Task requirements — Please restate the data below word for word, omitting all images.

··· Given material

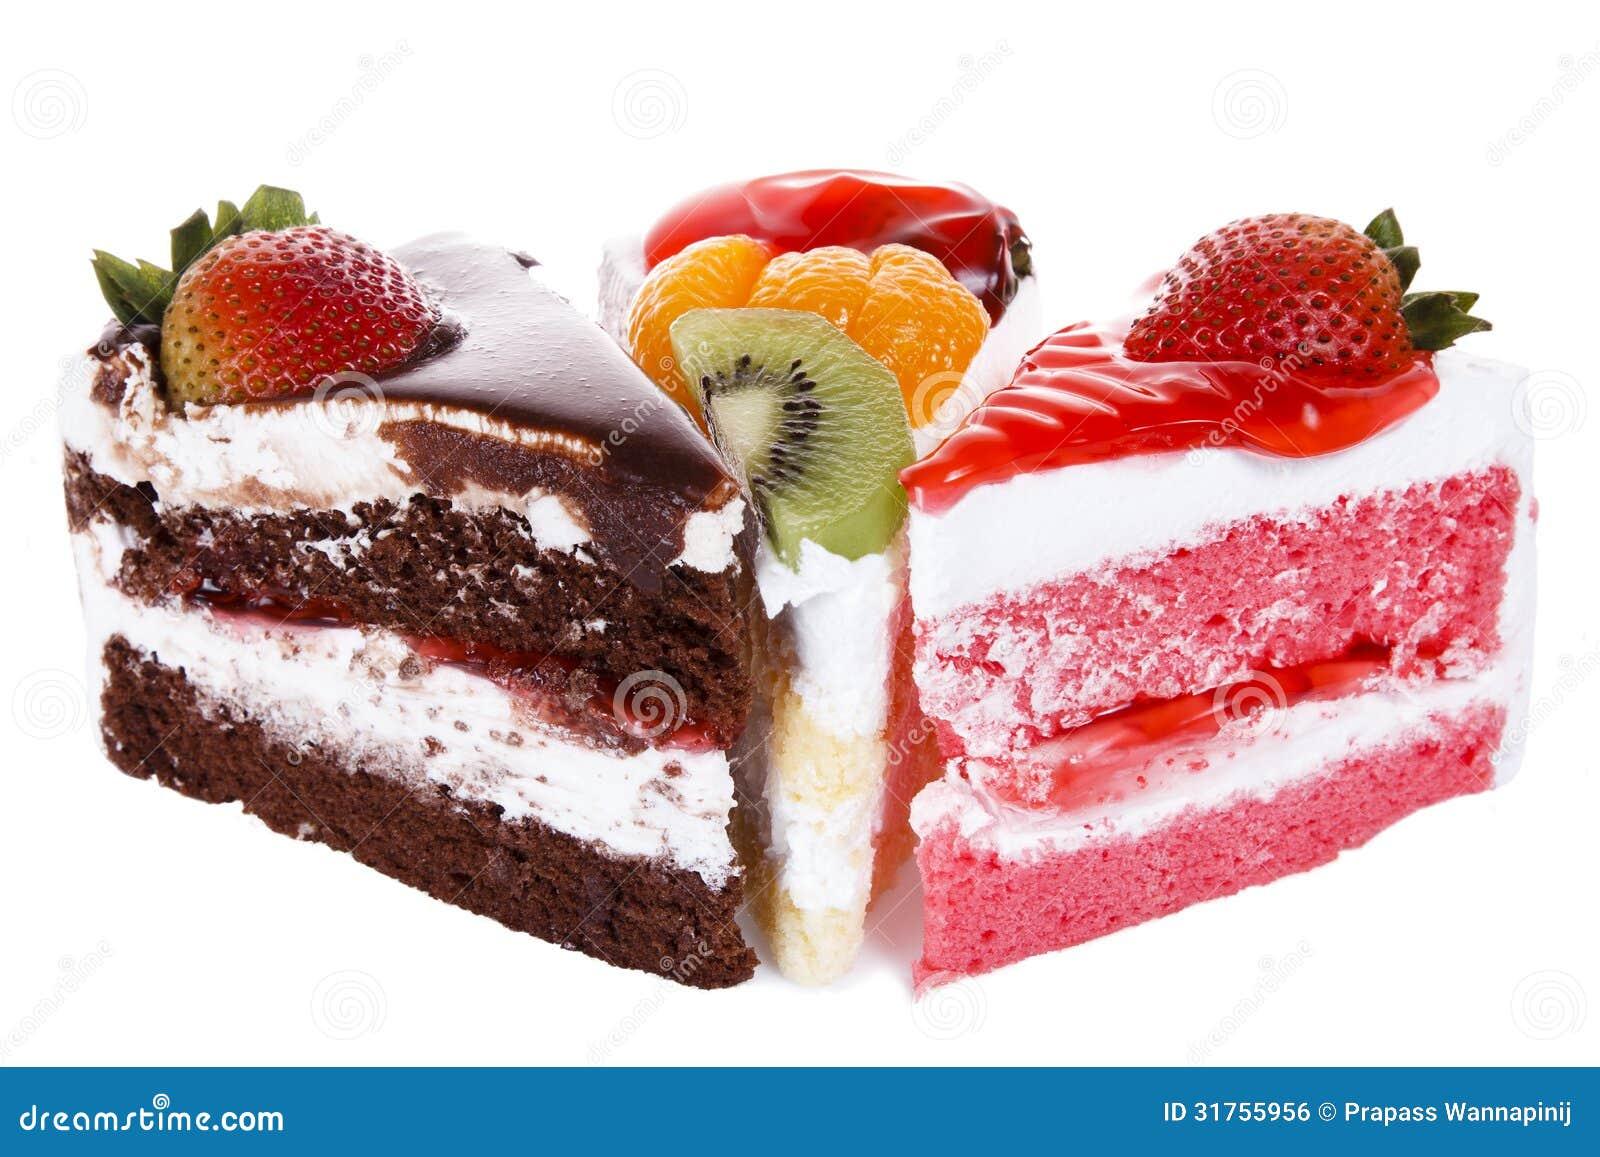 Berry And Orange Raw Cake
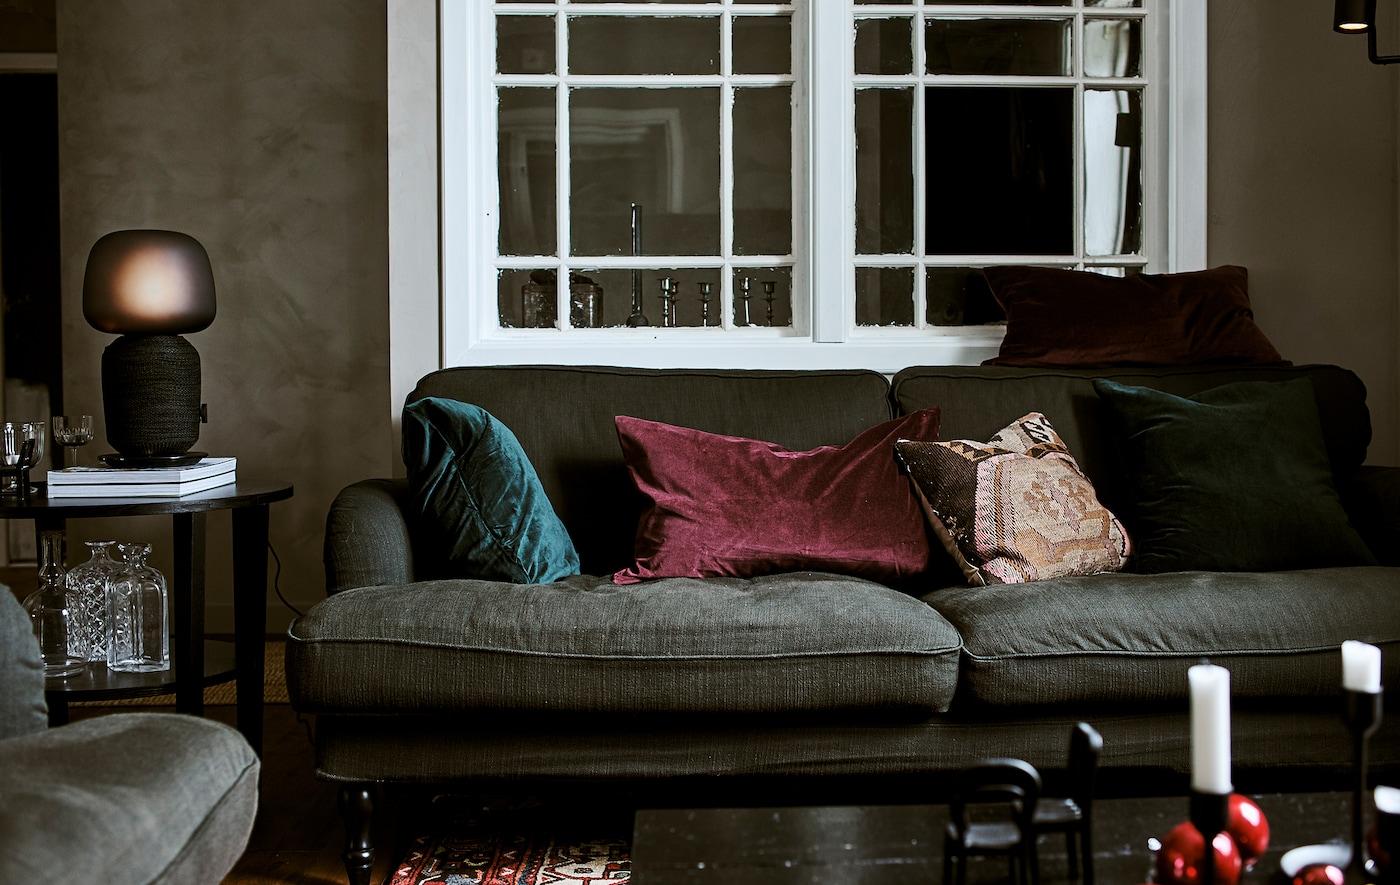 كنبة خضراء مع وسائد بألوان متعدّدة في غرفة جلوس مع نافذة داخلية وطاولة قهوة عليها مصباح طاولة وسجادة فارسية.
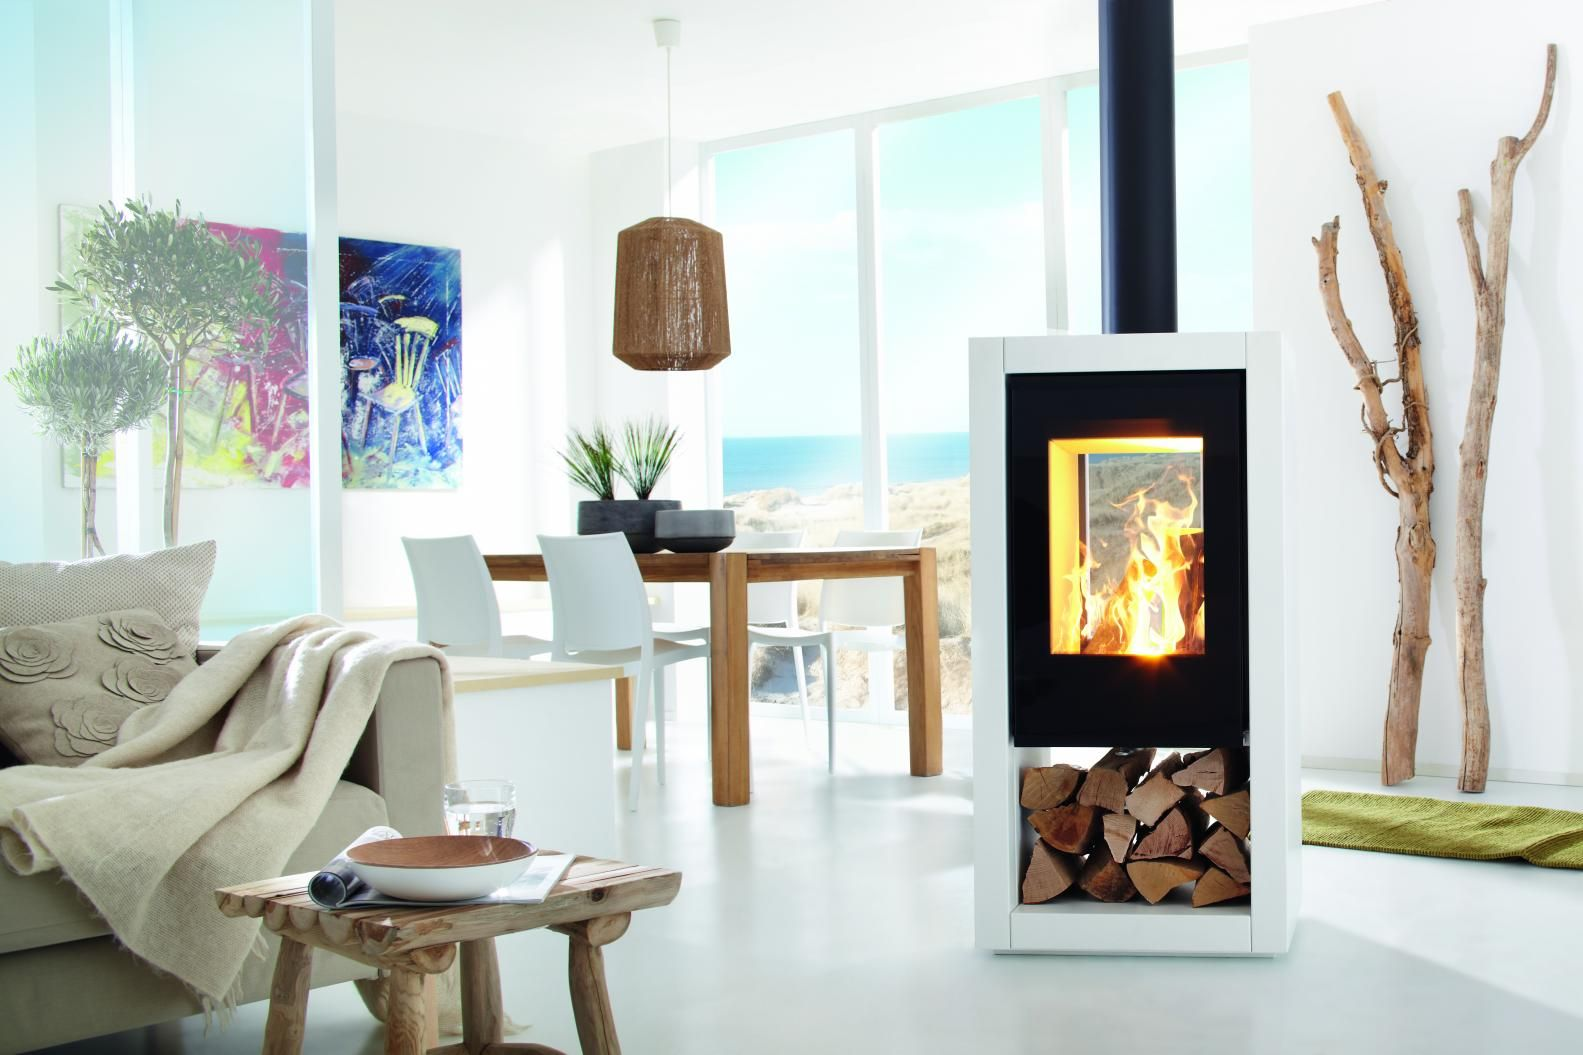 chimeneas de doble cristal para separar ambientes en el saln de casa decoracin - Chimeneas Diseo

······

Exercise result —
 Berry And Orange Raw Cake
 كنبة خضراء مع وسائد بألوان متعدّدة في غرفة جلوس مع نافذة داخلية وطاولة قهوة عليها مصباح طاولة وسجادة فارسية.
 chimeneas de doble cristal para separar ambientes en el saln de casa decoracin - Chimeneas Diseo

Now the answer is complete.